━━ Collected material ━━

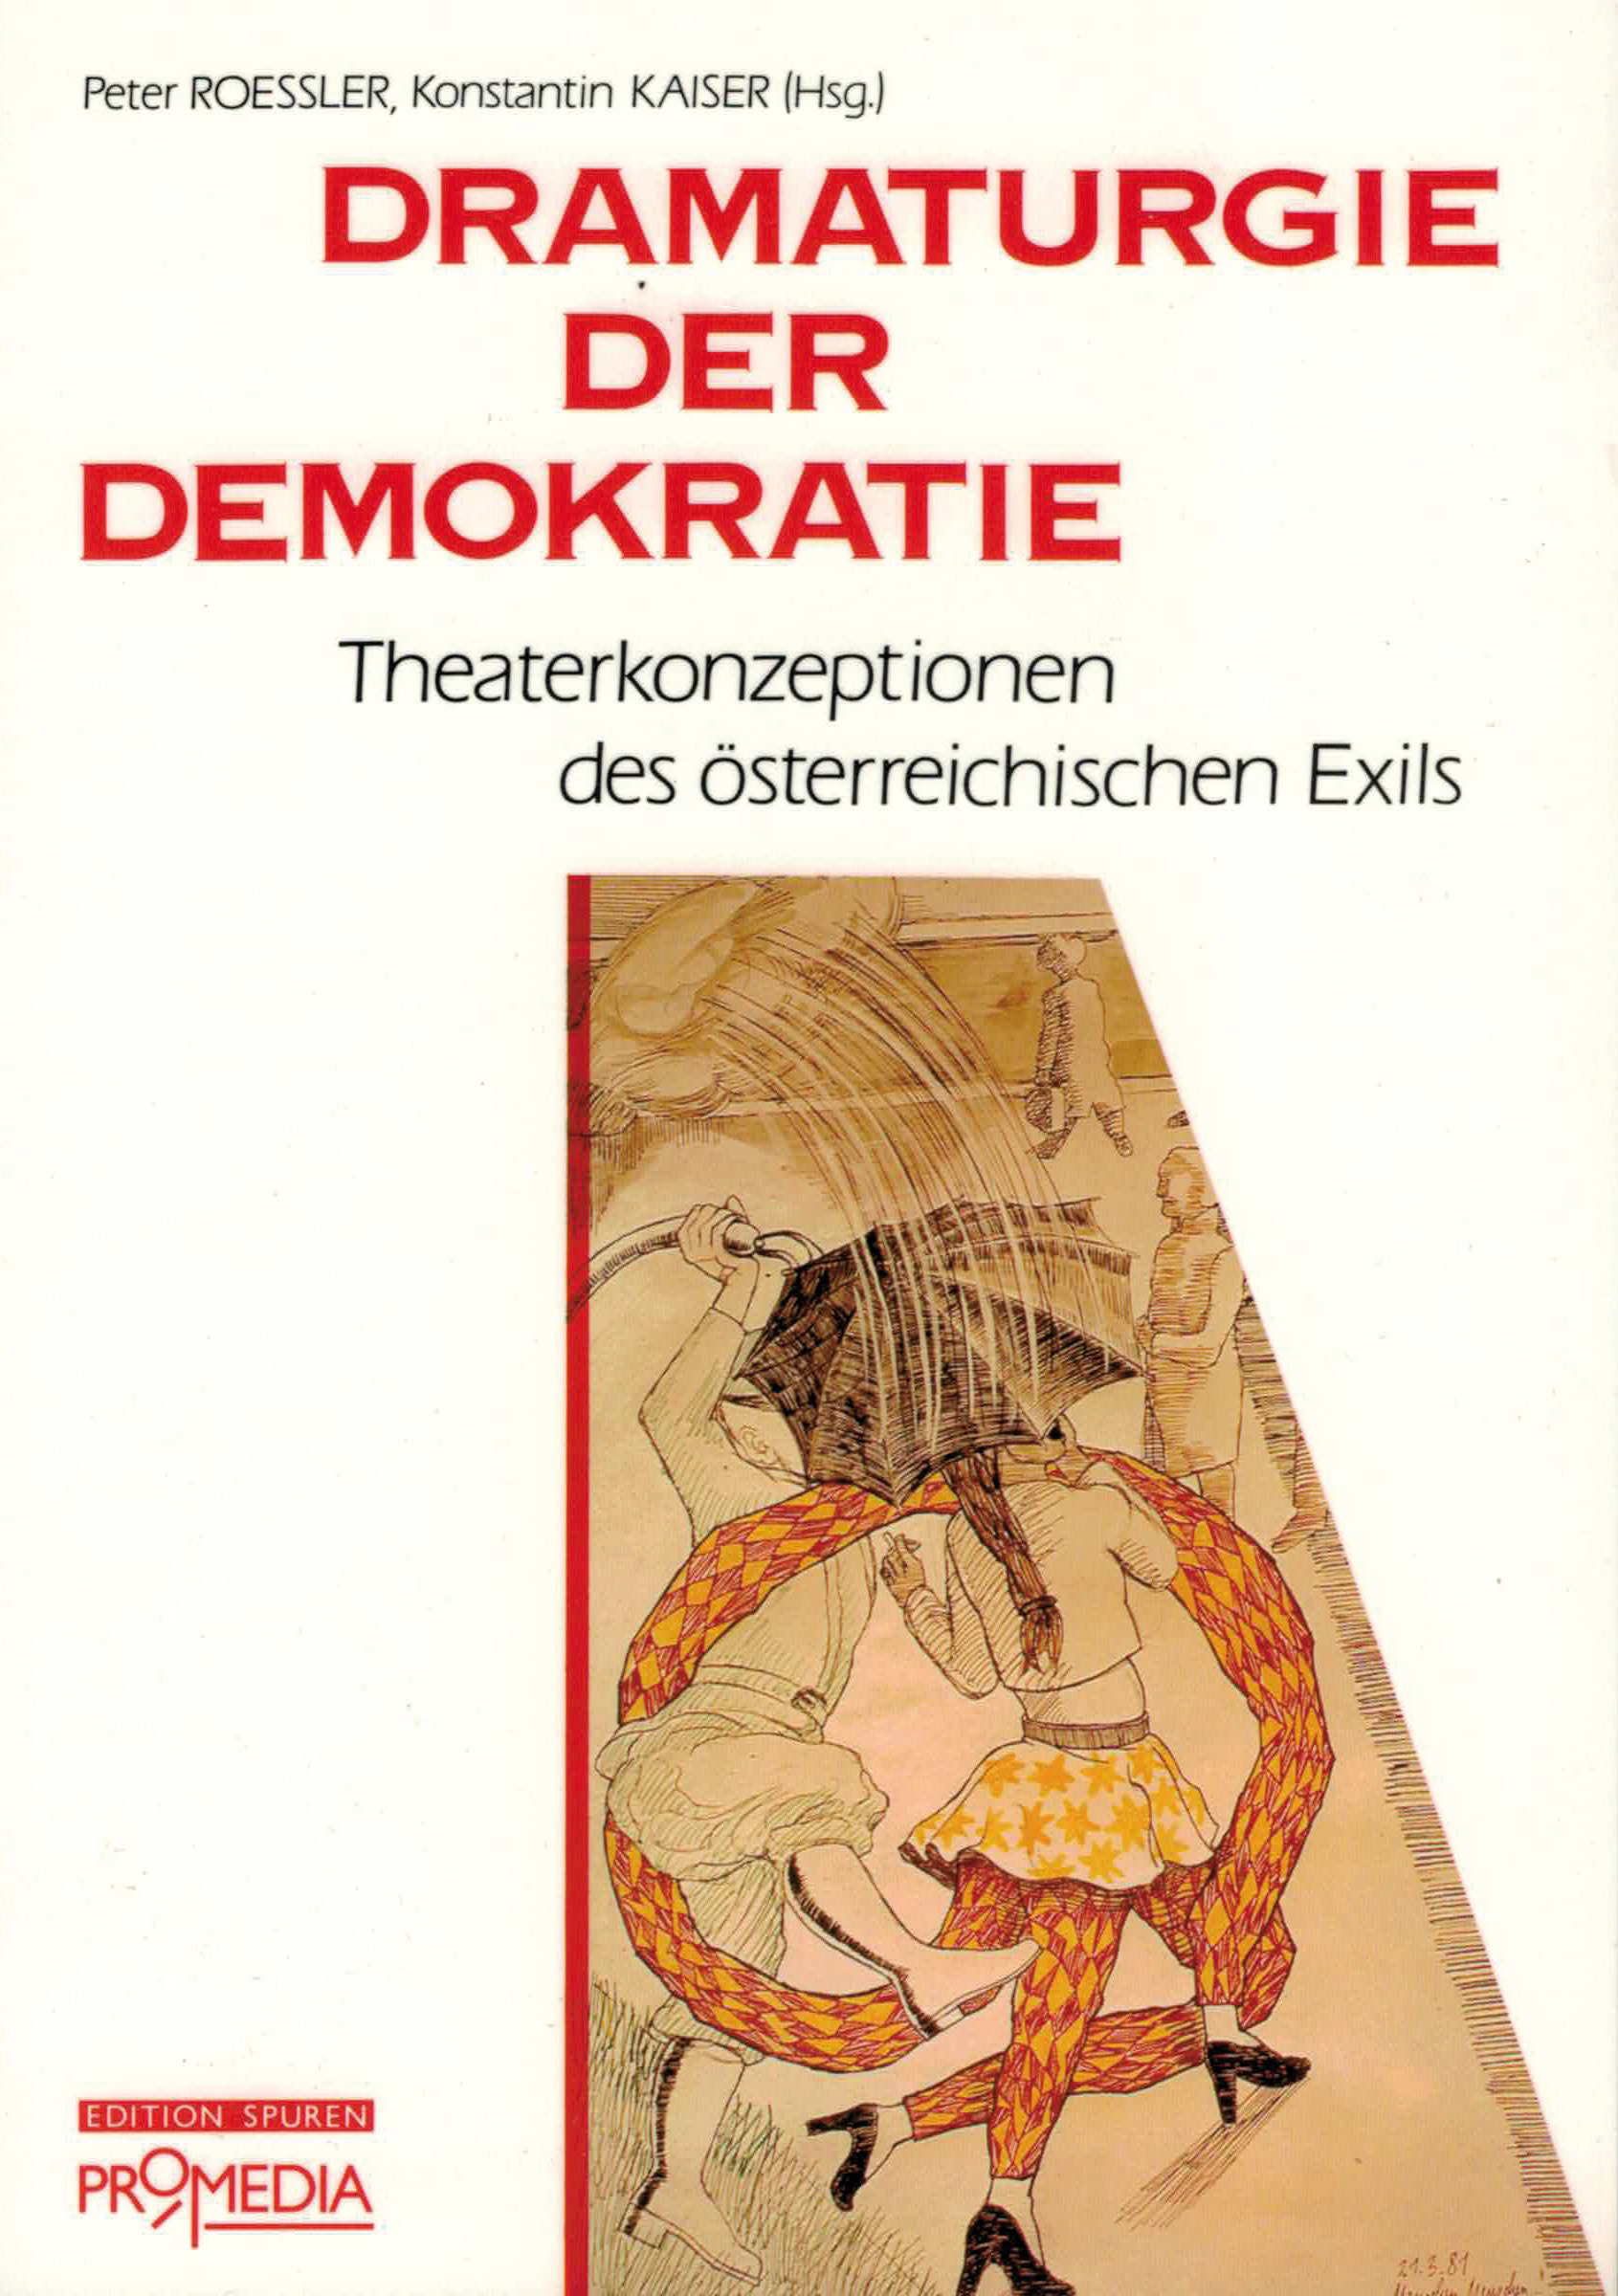 [Cover] Dramaturgie der Demokratie
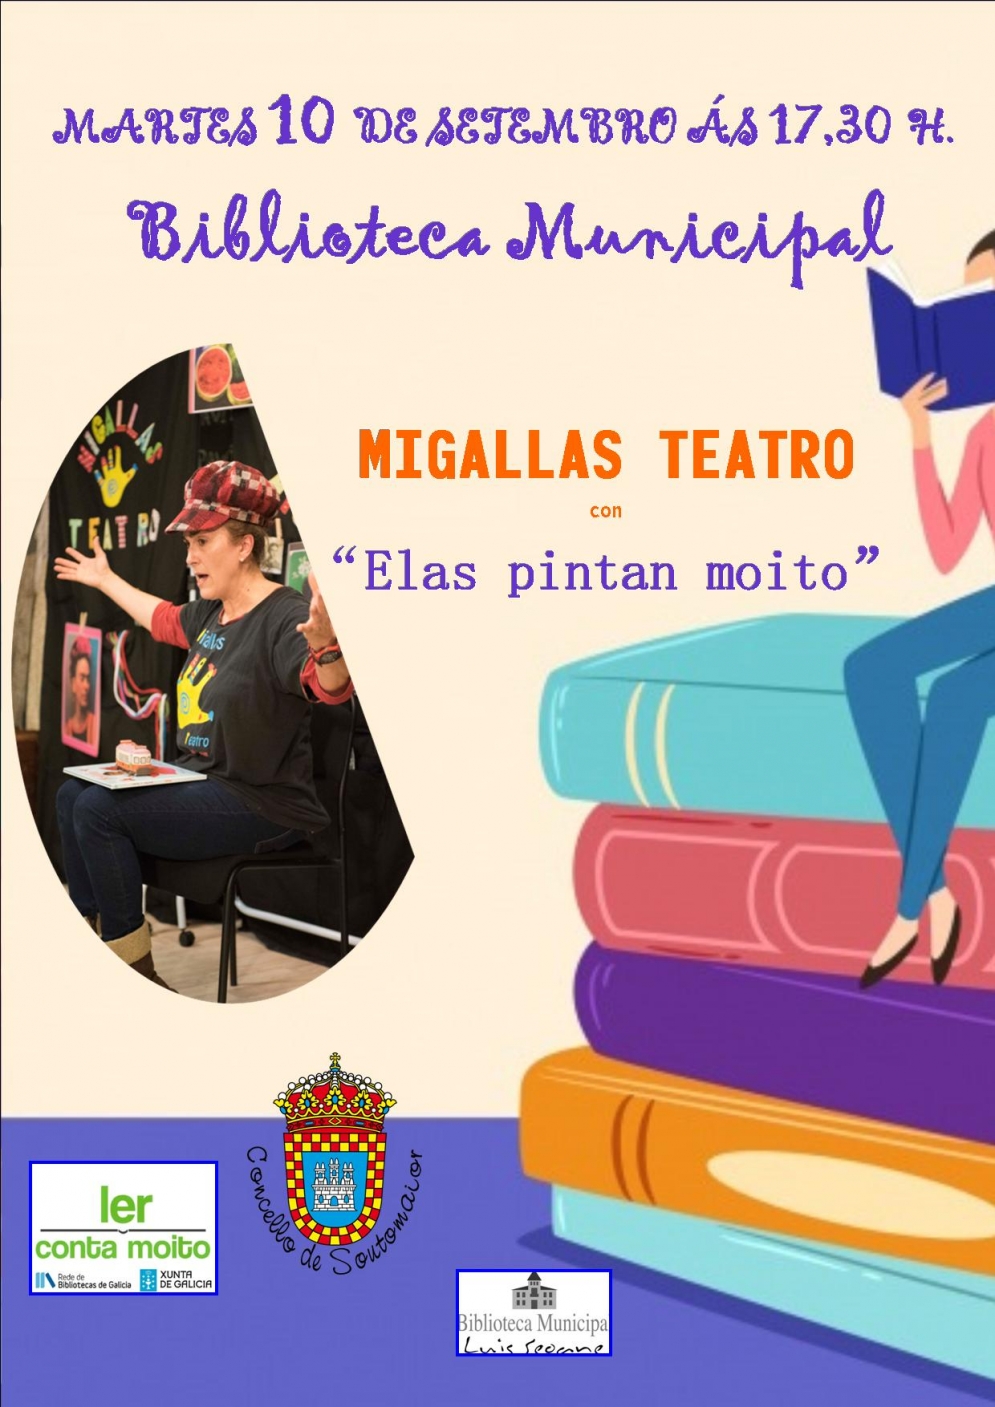 Teatro Migallas
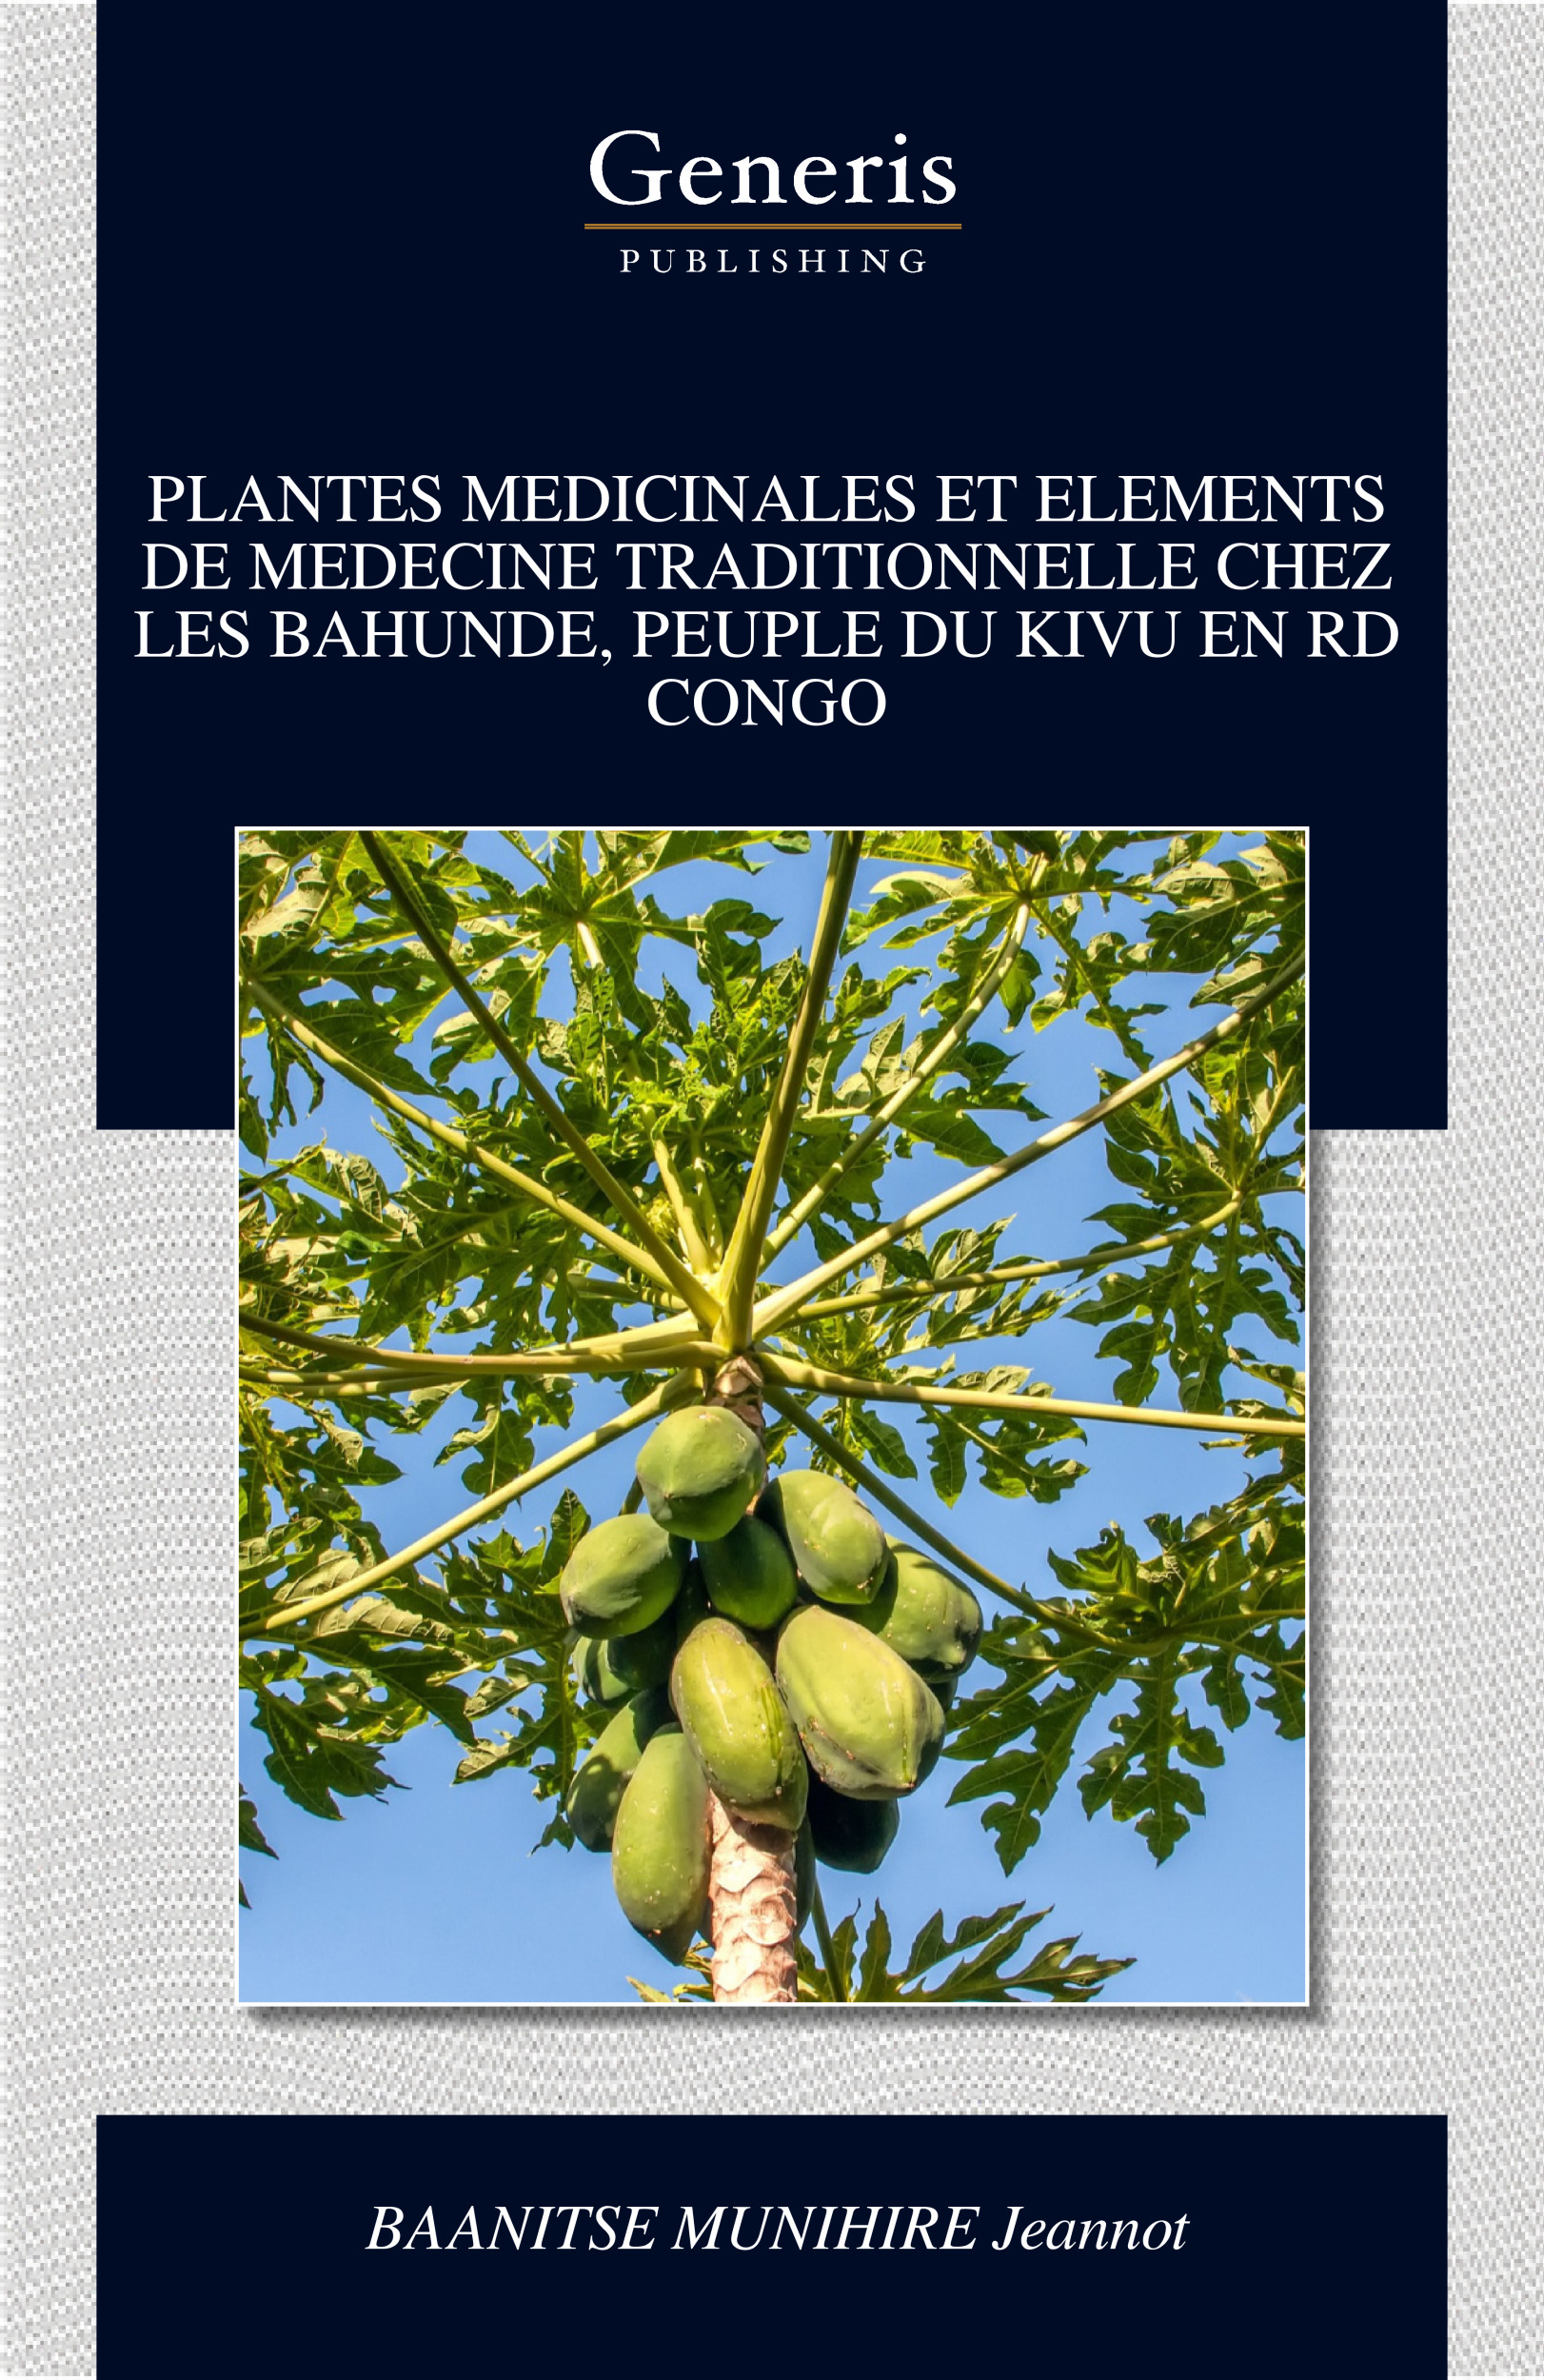 Les Plantes Médicinales en Biodynamie - Livre de Collectif dirigé

━━━

* [Required work]
Exactly as given, set down each line of the material, but include no pictures.

* [Answer]
 [Cover] Dramaturgie der Demokratie
 Teatro Migallas
 Les Plantes Médicinales en Biodynamie - Livre de Collectif dirigé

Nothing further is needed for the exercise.